A draft circular would formally end the 2021 freeze on new OLP registrations, but with substantially heightened capital, disclosure, and consumer protection requirements.
The Securities and Exchange Commission has published for public comment a draft memorandum circular that would lift the moratorium it imposed in November 2021 on the recording of new Online Lending Platforms (OLPs). The moratorium, issued under MC No. 10, Series of 2021, had effectively frozen the digital lending market for more than four years. The proposed framework replaces it with a comprehensive regime that ties OLP access to enhanced capital adequacy, disclosure, and consumer protection standards.
The Draft Circular applies to all financing companies (FCs) and lending companies (LCs), whether existing, newly registered, or pending application, that currently offer or plan to offer products through OLPs or other FinTech-enabled systems. Its scope is broad and its definition of what constitutes an OLP is deliberately expansive: any digital interface through which an FC or LC performs loan processing activities, including mobile applications, websites, APIs, and cloud-based systems, qualifies. The Commission has made clear that the determination will be based on function and substance, not on the label or architecture of the platform.
Pre-Disclosure Classification
Central to the new framework is a pre-disclosure classification process. Before deploying any digital platform, FCs and LCs must submit a Pre-Disclosure Classification Declaration (PDCD) to the Commission. The Commission then determines whether the platform constitutes an OLP. An adverse classification prevents the entity from proceeding with disclosure, corporate amendments, or operations related to the proposed platform. The Draft Circular prescribes no deadline within which the Commission must act on a submitted PDCD, which is a notable gap that industry participants should be aware of.
Capital Requirements
For entities that clear the classification process, the capital requirements attached to OLP operations are materially higher than current minimums. The requirements scale with the number of OLPs operated, and no entity, regardless of capitalization, may operate more than ten OLPs. The table below sets out the minimum paid-up capital thresholds:
Existing operators are afforded a three-year transition period, with phased milestones of 30%, 60%, and 100% capital compliance at years one, two, and three respectively. Within 60 days of effectivity, each entity must submit a Capital Compliance Plan specifying whether it will raise capital, rationalize its OLP portfolio, or both. Entities that remain non-compliant after the transition period face a structured discontinuance framework, including mandatory cessation of new borrower onboarding, a Commission-approved Discontinuance Plan, and continued servicing of existing loans under regulatory supervision.

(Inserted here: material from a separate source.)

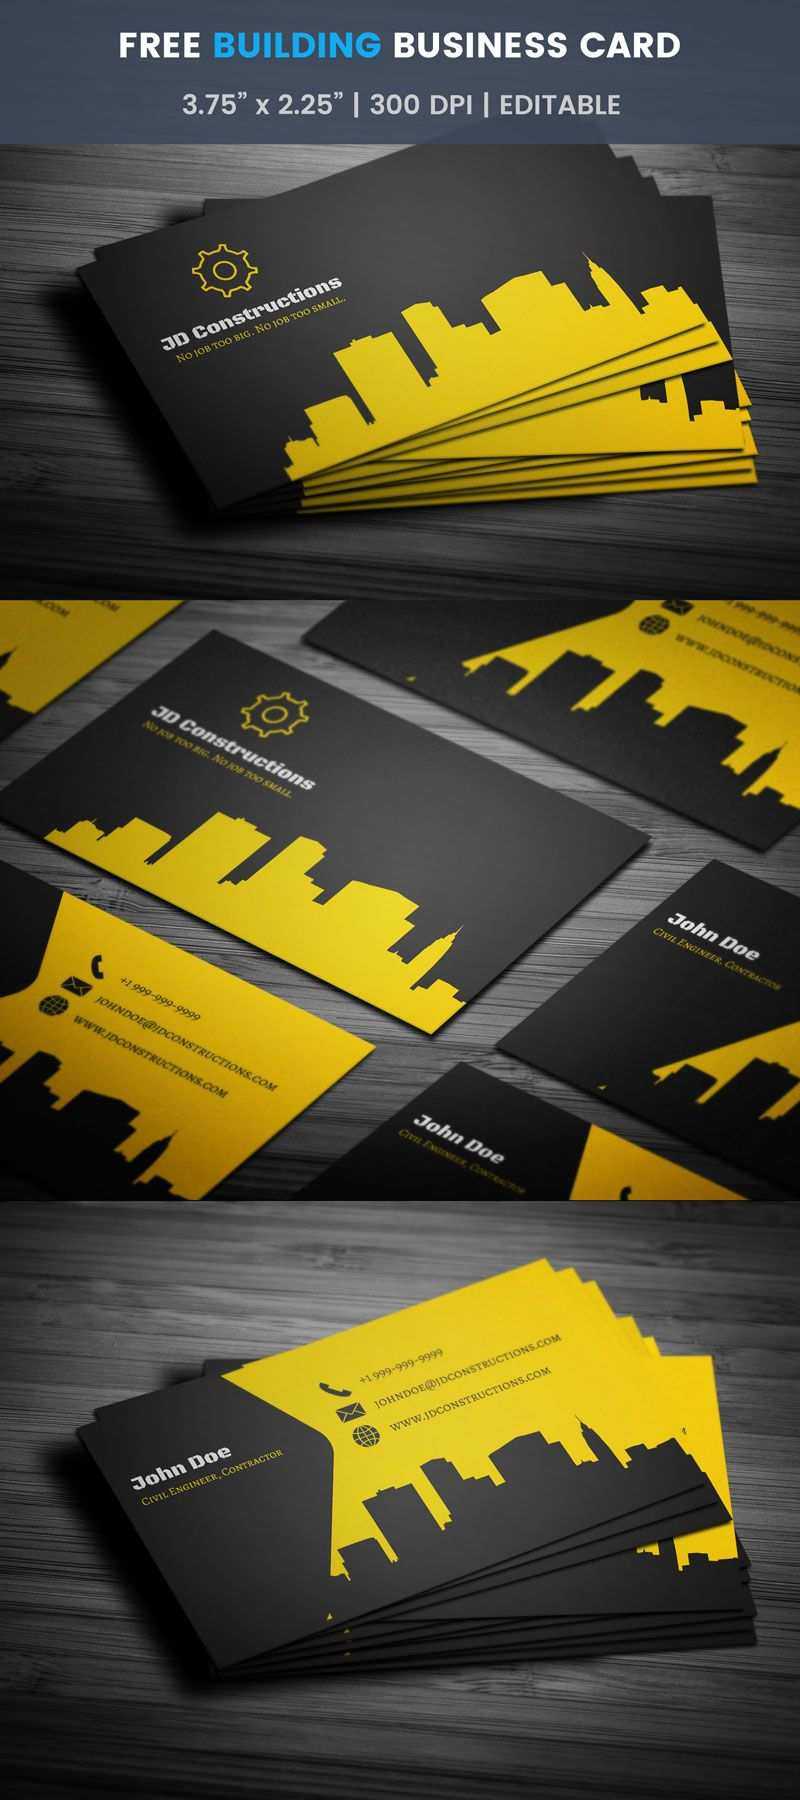 90 Blank Construction Business Card Templates Download Free For Construction Business Card Templates Download Free

Operational and Consumer Protection Requirements
The operational requirements are equally demanding. Among the key provisions:
Annual Licensing Fee
The Draft Circular moves the annual licensing fee to an asset-based graduated structure, ranging from 0.10% of total assets for entities with assets not exceeding Php 20,000,000 to 0.35% for entities with assets exceeding Php 500,000,000. Branch-level fees are eliminated; entity-level supervision is the new baseline. The revised fee structure takes effect on 1 January 2027.
Enforcement and Anti-Circumvention
The Draft Circular adopts a substance-over-form anti-circumvention framework. The Commission may treat functionally integrated digital platforms as a single OLP or count each interface separately for capital and OLP-limit purposes based on the totality of circumstances, including shared ownership and control, common credit underwriting infrastructure, and substantially identical borrower bases. Any attempt to fragment, rebrand, or white-label OLPs to avoid capital or disclosure obligations is characterized as circumvention and is subject to administrative sanctions.
Non-compliance with the Circular's various requirements carries penalties ranging from monetary fines (up to Php 2,000,000 per violation) to suspension or revocation of the Certificate of Authority and Certificate of Incorporation, depending on the nature and frequency of the offense.
What Clients Should Do Now
The public comment period closes on 25 March 2026. With a proposed effectivity date of 1 April 2026, the timeline between finalization and implementation is compressed. We recommend that clients not wait for the final text before beginning internal assessments.